New Delhi: The world is outraged at South African athlete Caster Semenya's very gender test. Especially, because the test was made public before the results are out.
Semenya is the new women's 800 m world champion.
"Absolutely dreadful", "highly unfair" and "embarrassing to the athlete" were just some of the reactions in Berlin where the World Athletic Championships are being held.
The results of the gender test could take several days, but the newly crowned 800m world champion says she could not care less.
The South African athlete said: "If I win, I win. If I come second, yeah, it would be a surprise. If I go there, top five, maybe top three."
It was Semeya's unnaturally deep voice among other things that drew the attention of the International Amateur Athletics Federation (IAAF).
The sports' world governing body also took notice of 18-year-old Semenya because she improved on her personal best by an astounding seven seconds in just nine months. That feat prompted the request for a gender test.

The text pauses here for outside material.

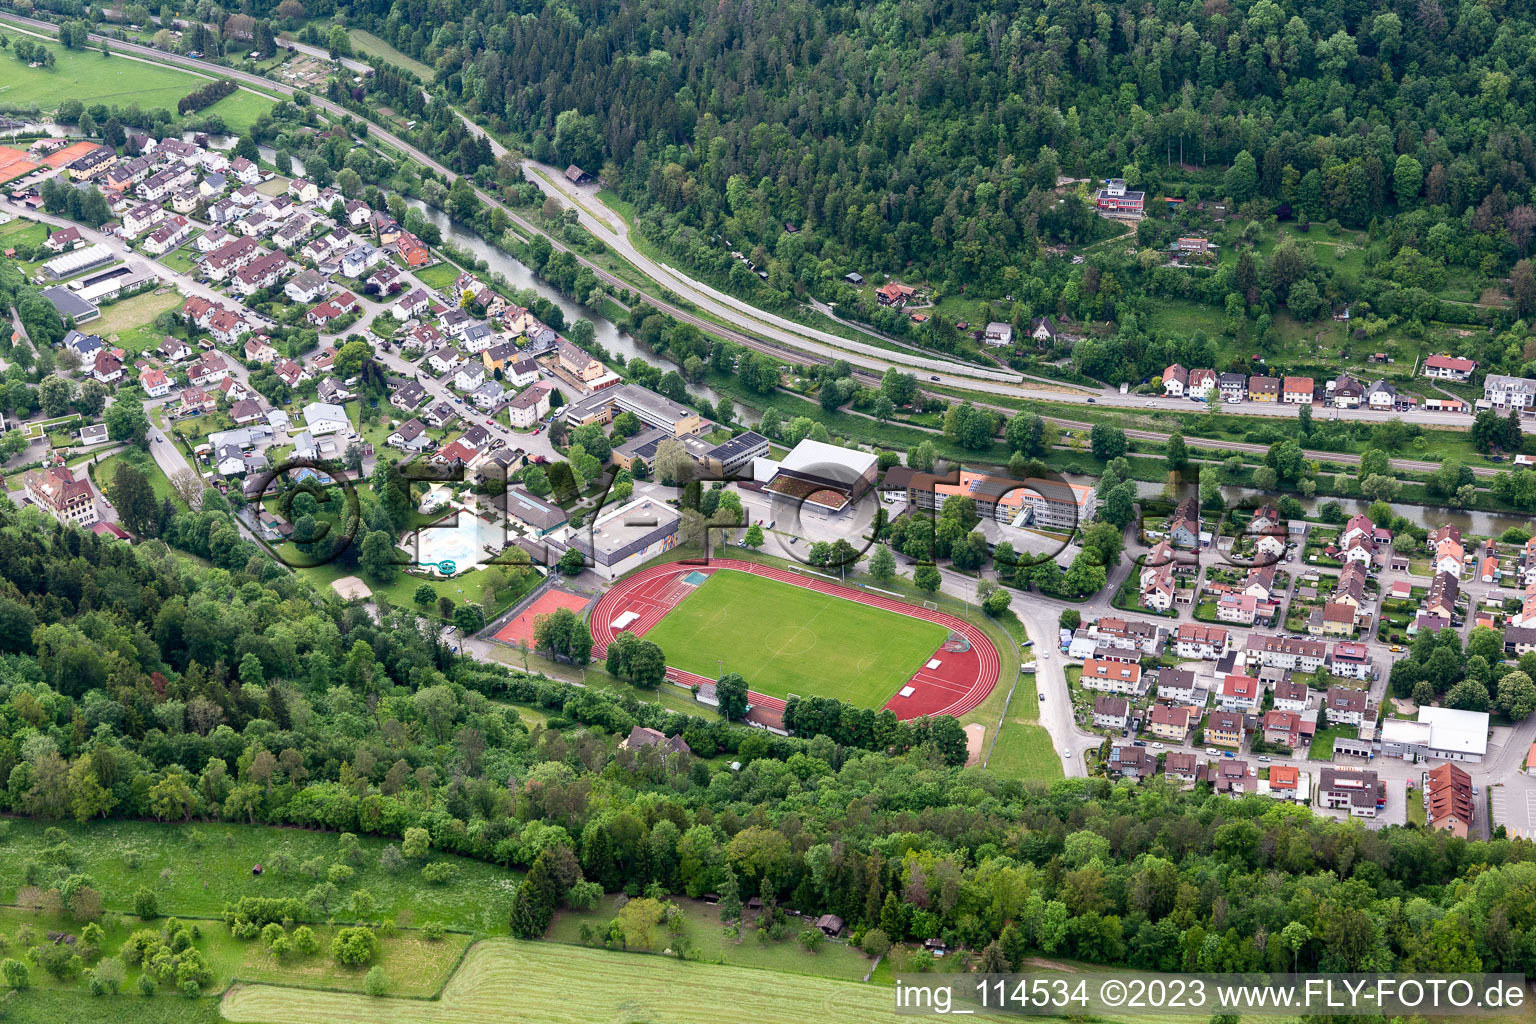 Vue aérienne de Stade Albeck et piscine de loisirs Sololei à Sulz am Neckar dans le département Bade-Wurtemberg, Allemagne

That would have been par for the course had the news suddenly not been made public just a day before Semenya was due to run in the 800m final at the World Championships. She decimated the field and won by a substantial margin further fuelling rumours.
Her very public humiliation has drawn sharp criticism across the world, but nowhere more fiercely than back home in her native South Africa.
Leonard Chuene , president, Athletics South Africa said: "I am not going to let that girl be humiliated in the manner that she was humiliated because she has not committed a crime whatsoever. Her crime was to be born the way she is born. And now people are not happy and on that basis she is isolated like a leper, like she has got a disease that will affect other people and I don't think it's proper."
The IAAF has been caught in a position that's embarrassing, though substantially less so than Semenya's plight. Why was this news made public before the test results were even known? The body was quick to say that the benefit of the doubt is with the athlete, but the damage has been done.
There is a very recent parallel to be drawn with the case of Santhi Soundarajan, the Indian 800m runner who was stripped of her silver at the Doha Asiad after failing a gender test. But even that news emerged after she failed the test.
Caster Semenya, unfortunately, has not been extended even that courtesy.